■ Supplied information
• • • •

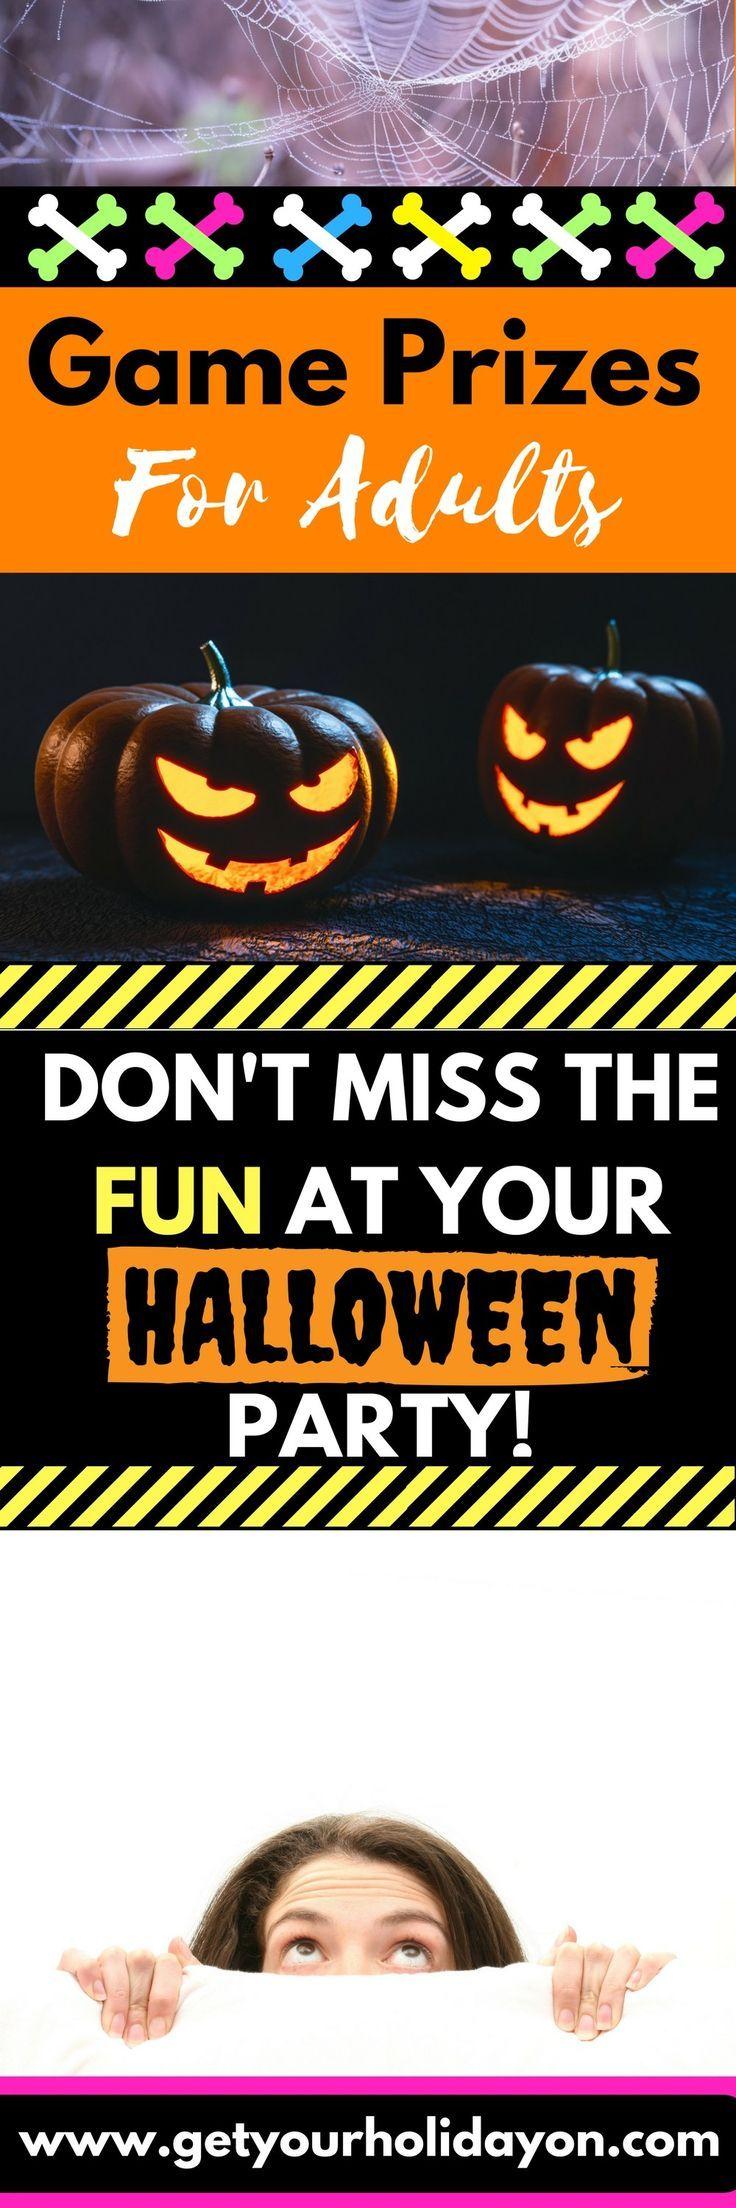 6034 best Halloween images on Pinterest
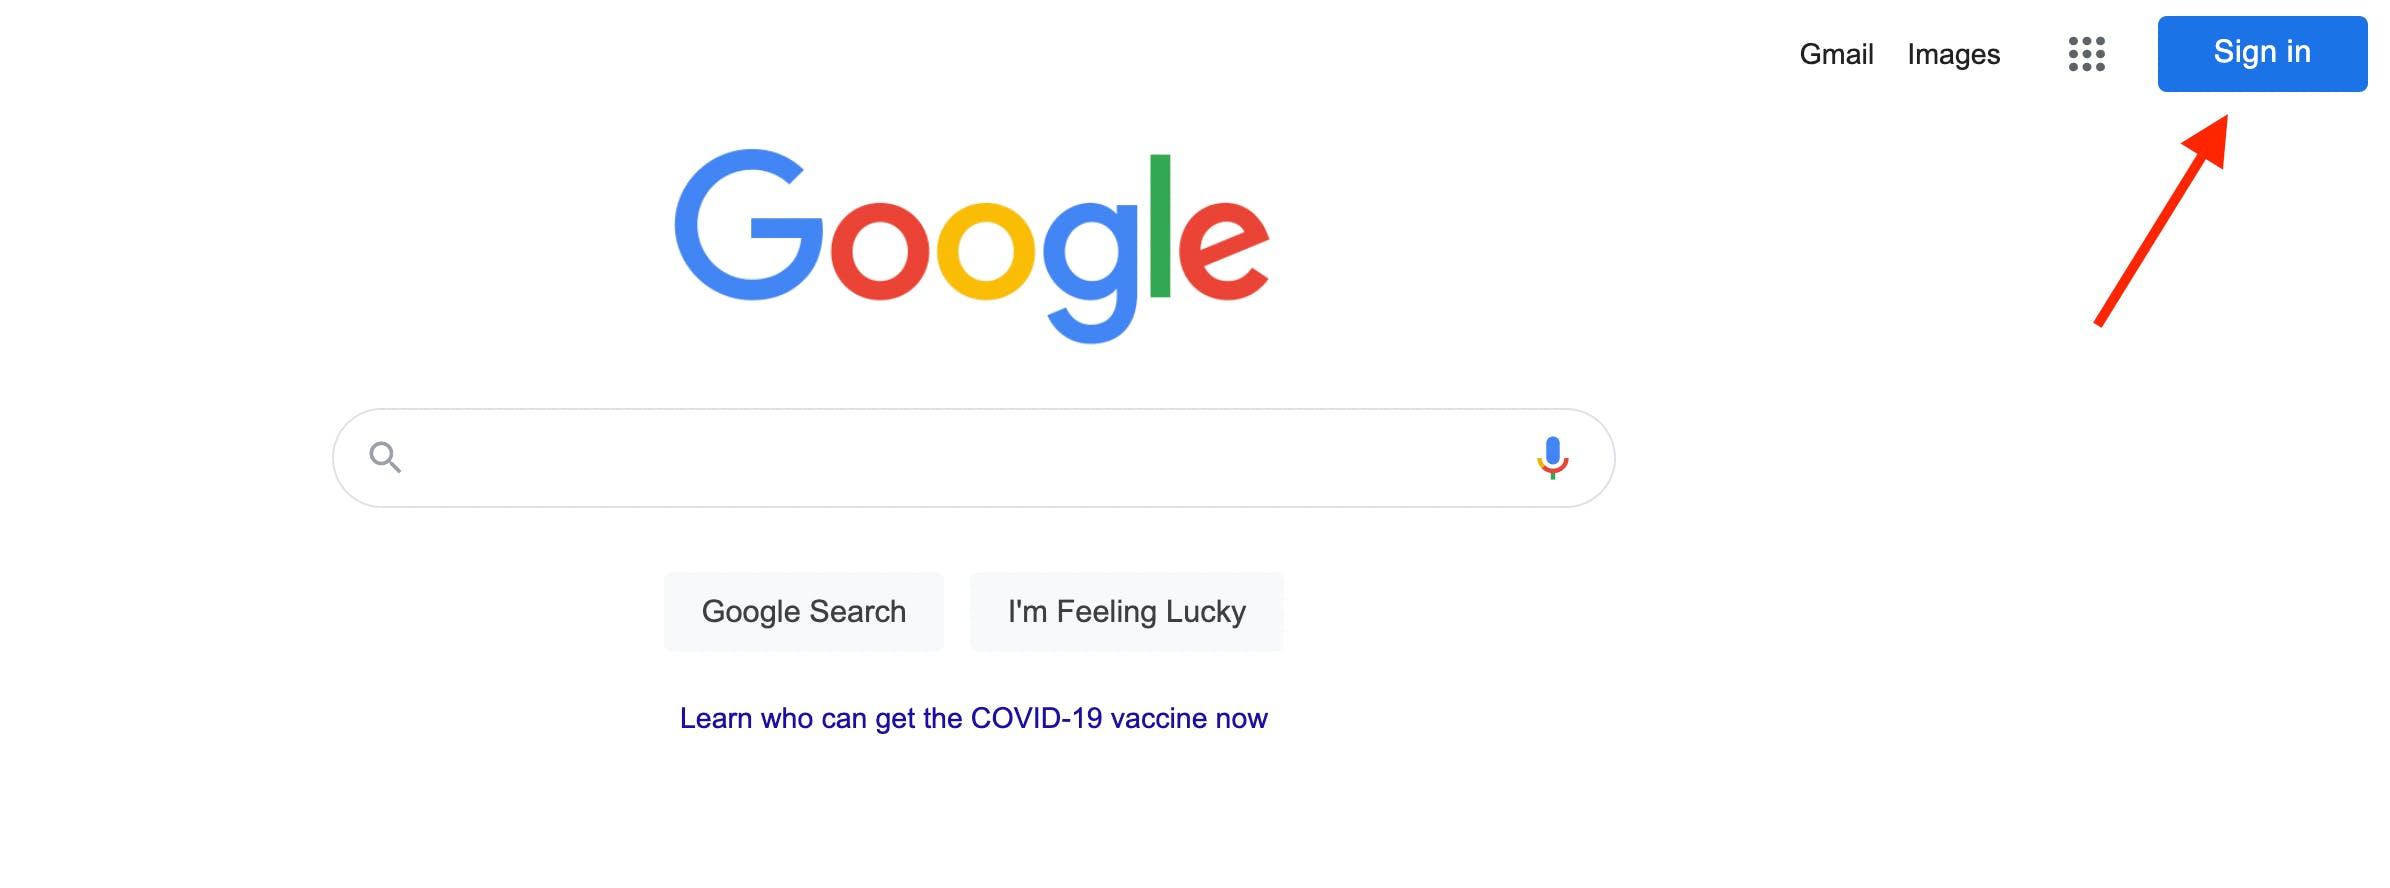 Google create account page.
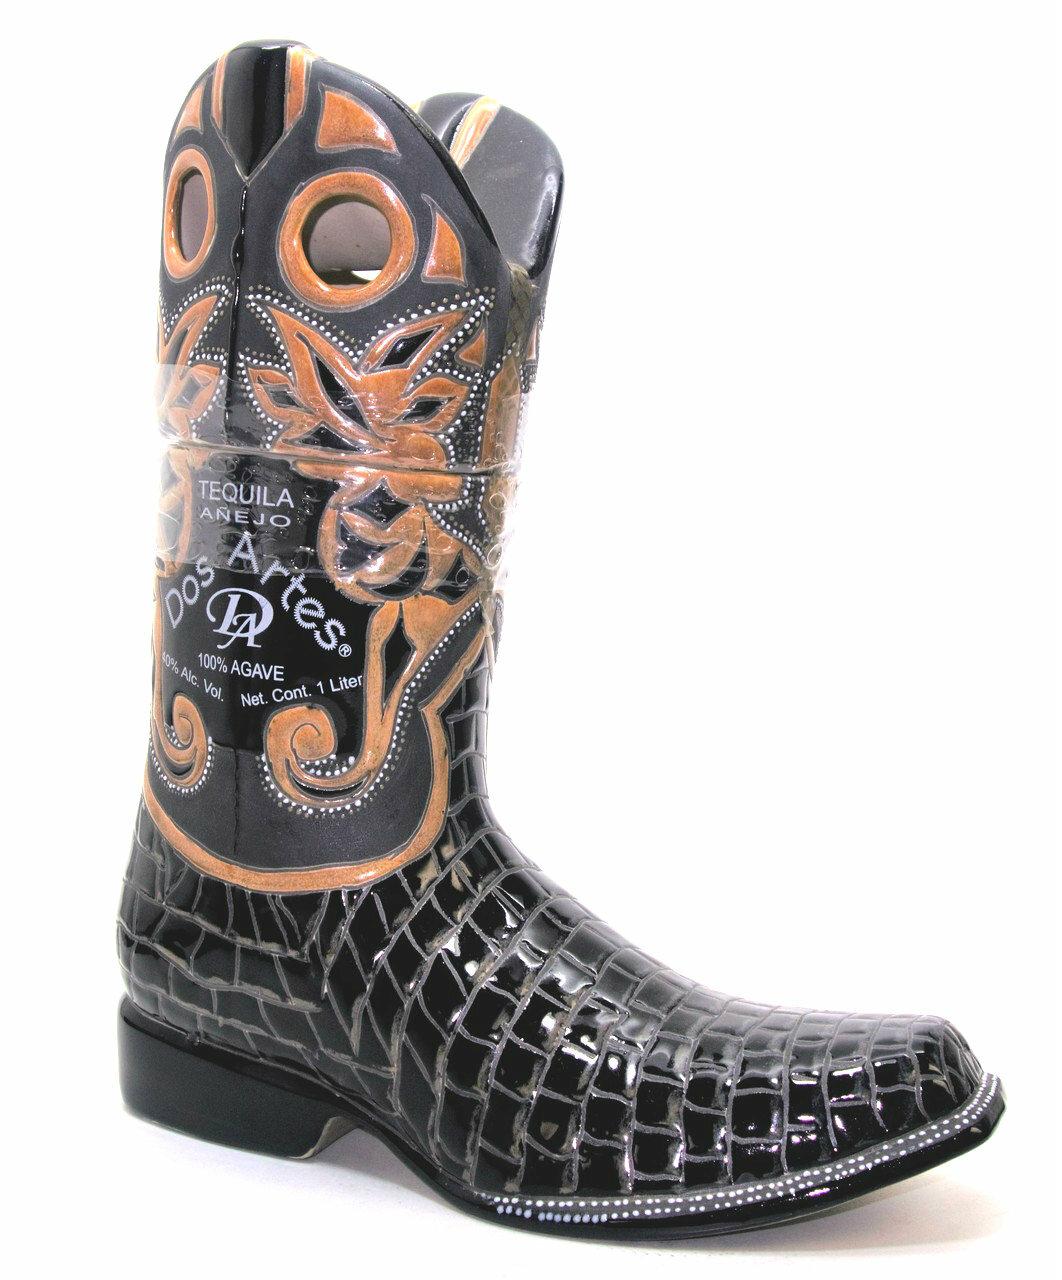 Dos Artes Anejo Ceramic Boots 1 l

• • • •

■ Activity
Return the material word for word, images omitted.

■ The answer
 6034 best Halloween images on Pinterest
 Google create account page.
 Dos Artes Anejo Ceramic Boots 1 l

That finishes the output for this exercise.